Problem 143. If $r$ and $s$ are roots of $x^2 - 7x + 4 = 0$, find $r^2 + s^2$ and $r^3 + s^3$. (MAΘ 1987)
Problem 144. Express $(a^2 + b^2)(c^2 + d^2)$ as the sum of two squares. (This is related to the Brahmagupta–Fibonacci identity.)
Problem 145. Simplify $\dfrac{1}{\sqrt{7}-\sqrt{5}} + \dfrac{1}{\sqrt{5}-\sqrt{3}} + \dfrac{1}{\sqrt{3}-1}$.

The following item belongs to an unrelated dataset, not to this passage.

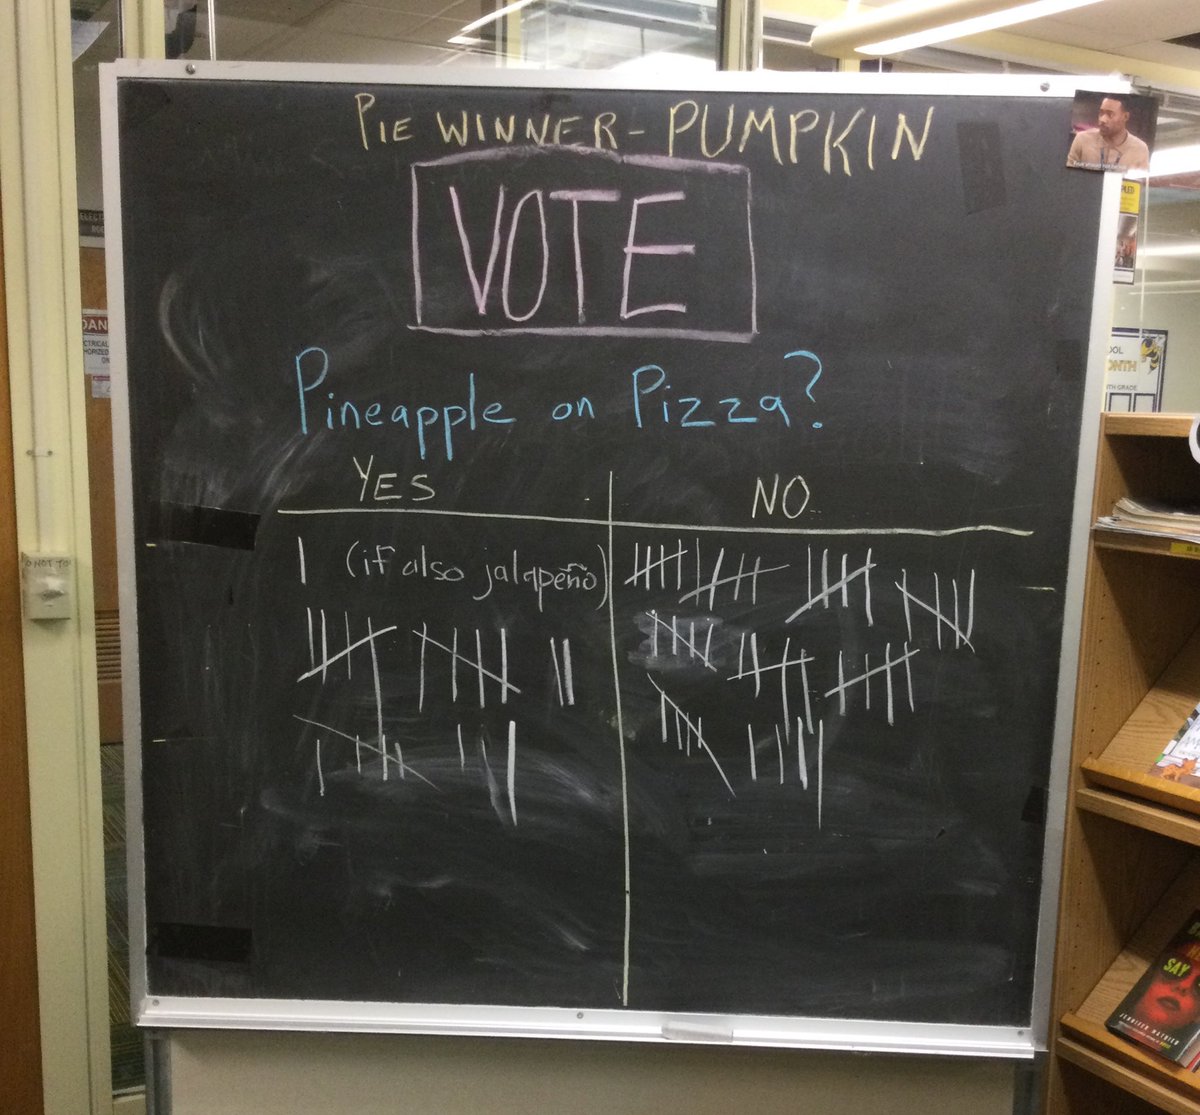 杰斐逊的学生和教职工对披萨上的菠萝有着强烈的感情。 上周的民意调查获胜者是南瓜，它是我们黄夹克最喜欢的馅饼。 @APSLibrarians @JeffersonIBMYP https://t.co/IKkWDI8ZzK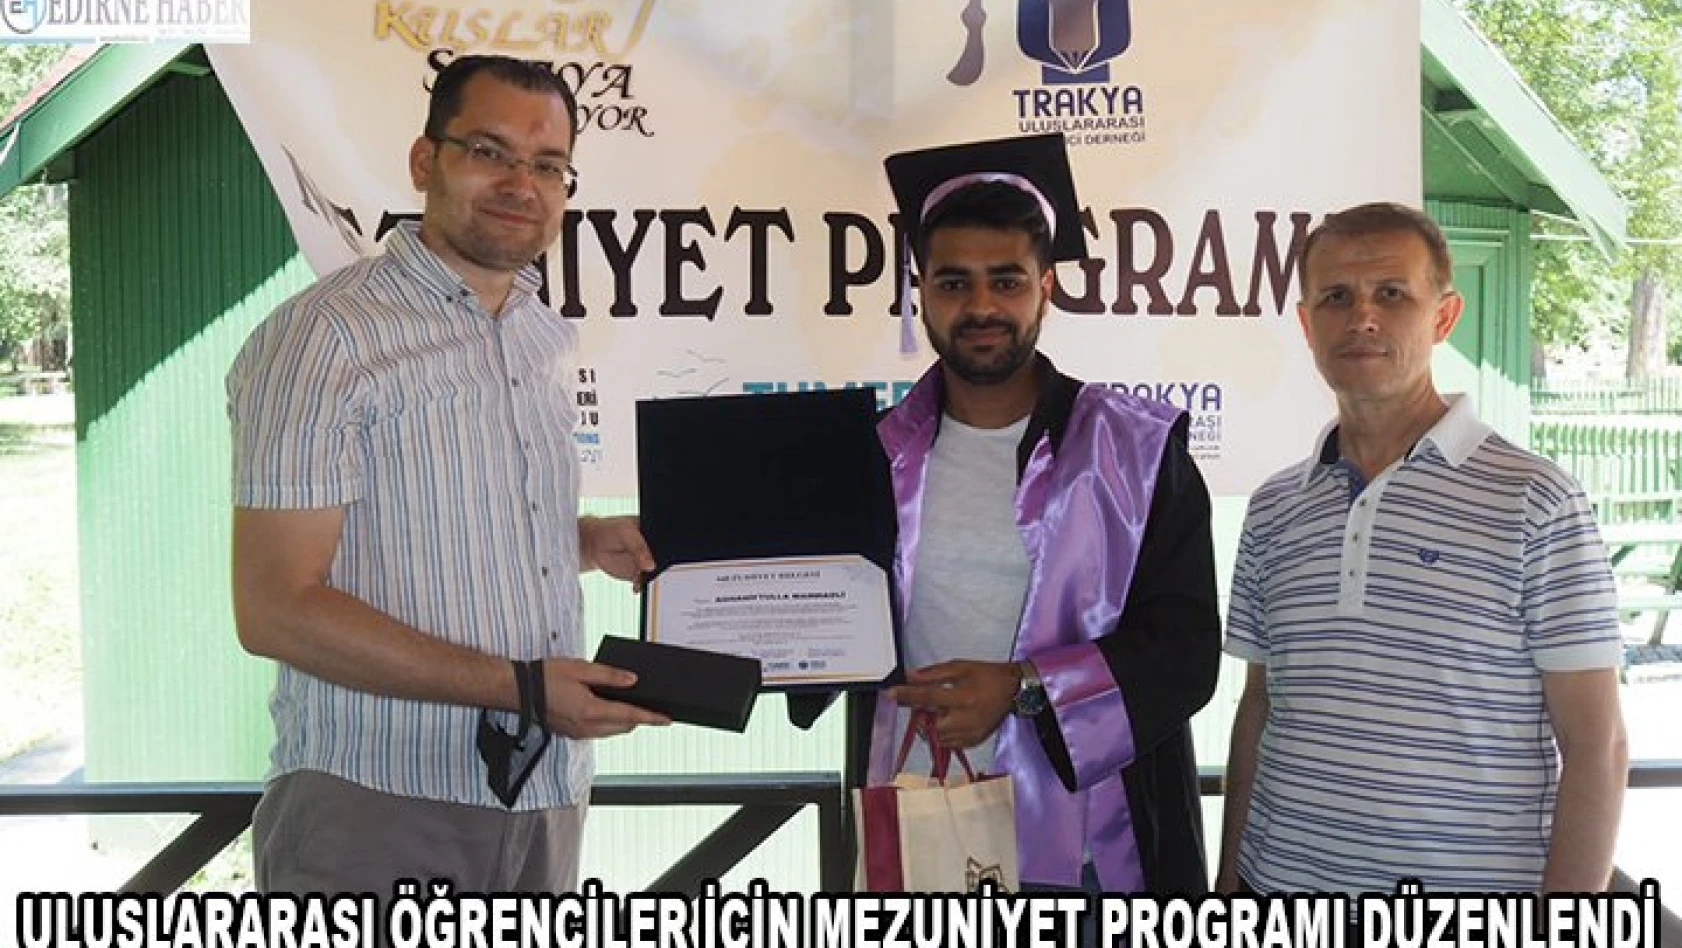 Uluslararası öğrenciler için mezuniyet programı düzenlendi

Problem 146. Factor $n^5 - n$ (for integer $n$) and show it is always divisible by 30.
Problem 147. Evaluate: $\displaystyle\prod_{k=2}^{n} \frac{k^3-1}{k^3+1}$.
Problem 148. If $x + \frac{1}{x} = 3$, find $x^5 + \frac{1}{x^5}$.
Problem 149. Factor $x^4 + x^2 + 1$ over the integers. (Hint: add and subtract $x^2$.)
Problem 150. If $a + b + c = 0$, simplify $\frac{a^2}{bc} + \frac{b^2}{ca} + \frac{c^2}{ab}$.
Problem 151. Compute $\sqrt{2 + \sqrt{2 + \sqrt{2 + \cdots}}}$. (Hint: set the expression equal to $x$.)
Problem 152. If $(x + y)^2 = 4$ and $xy = -1$, find $x^4 + y^4$.
Problem 153. For what $n$ is $1 + 2 + \cdots + n$ a perfect square?
Problem 154. Prove: $n^4 + 4^n$ is composite for all integers $n > 1$. (Hint: consider odd and even $n$ separately; use Sophie Germain.)
Problem 155. Simplify $\sqrt{6+\sqrt{20}} - \sqrt{6-\sqrt{20}}$.
Problem 156. Find all $(x,y,z)$ with $x + y + z = 6$, $xy + yz + zx = 11$, $xyz = 6$.
Problem 157. Evaluate $\dfrac{1}{1\cdot 2\cdot 3} + \dfrac{1}{2\cdot 3\cdot 4} + \cdots + \dfrac{1}{18\cdot 19\cdot 20}$.
Problem 158. If $a^2 + b^2 + c^2 = ab + bc + ca$, prove $a = b = c$. (Hint: multiply both sides by 2 and rearrange.)
Problem 159. Factor $x^3 + y^3 + z^3 - 3xyz$. (MAΘ)
Problem 160. Express $(a^2+b^2+c^2+d^2)(e^2+f^2+g^2+h^2)$ as a sum of four squares. (Euler’s four-square identity.)
Problem 161. Show that if $x + y + z = 0$, then $x^3 + y^3 + z^3 = 3xyz$.